Бенедетта, занявшаяся техническими определениями, вновь перешла на английский:
— ППТ— Публичный пункт телеприсутствия. У него есть… был сканер, прибор для коллажа, способный воспроизводить файлы телеприсутствия. Отличный способ для следящих за тобой друзей. Или врагов. Программа может выдавать миллионы файлов за несколько лет. Настоящий каталог выступлений какого-нибудь нужного тебе человека. Подрывная информация. Промышленный шпионаж с помощью компьютера.
— Незаконный? — с интересом спросила Бубуль.
— Вероятно.

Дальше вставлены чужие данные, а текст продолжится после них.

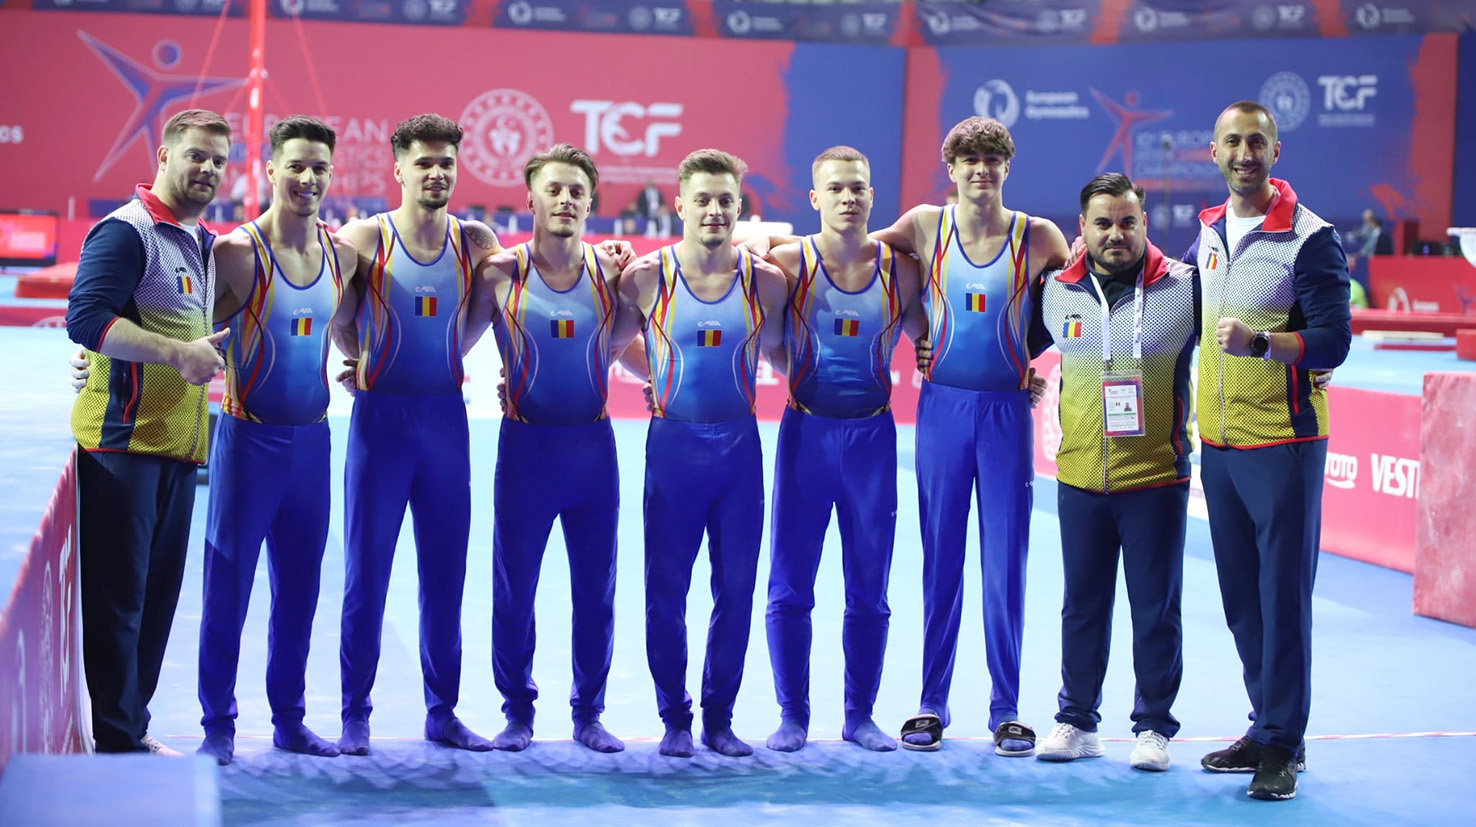 Gimnaștii români sau calificat la Campionatul Mondial! Tricolorii pot

А быть может, и нет, в те-то времена, когда он все это строил.
— Почему ты называешь его птайдеп? — снова задала вопрос Майа.

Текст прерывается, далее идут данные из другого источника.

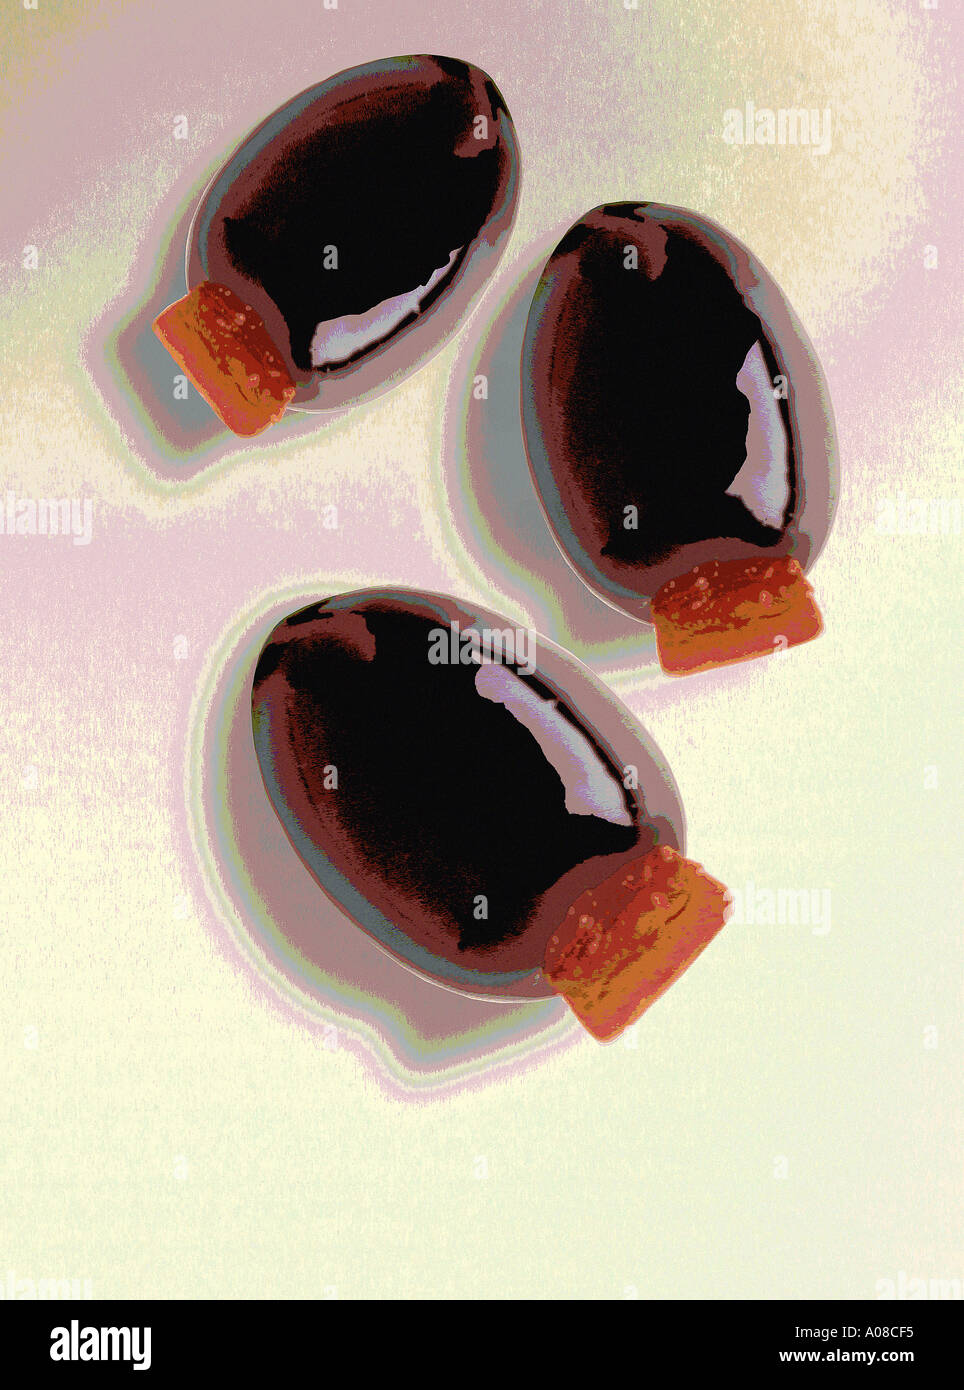 schwarze Oliven Closeup Digitalfoto Illustration - Komposition mit 3 großen schwarzen gefüllte Oliven Stockfoto

— Здесь, в Праге, ППТ всегда называют птайдепом… Чешский язык такой странный.
— Чешский — это не существительное, — пришла ей на выручку Бубуль. — Чешский — это только прилагательное. Точное название языка — честина [4] .
— Честина — это бусина номер двенадцать, Майа.
— Спасибо, — поблагодарила Майа.
Внезапно она почувствовала на рукаве чье-то вкрадчивое прикосновение. Майа взвизгнула и выронила наглазники.
Довольная обезьяна вернулась в свое убежище, на плечи Бубуль, и, усевшись там, скалила пасть с острыми зубами.
Наглазники чуть не ослепили Бубуль, увидевшую что-то новое, она на ощупь сдвинулась с места.
— Плохая связь?
— Плохие записи в документах, старые, — уточнила Бенедетта. Она тоже едва не ослепла.
Майа молча поглядела в серебряные глазницы обезьяны.
— Попробуй еще раз прикоснуться ко мне, я тебя убью, — беззвучно прошептала она.
Обезьяна расправила лацканы фрака, дернула своим задранным вверх хвостом и спрыгнула на спинку дивана.
— Я нашла выход! — воскликнула Бенедетта. — Давайте поднимемся на крышу.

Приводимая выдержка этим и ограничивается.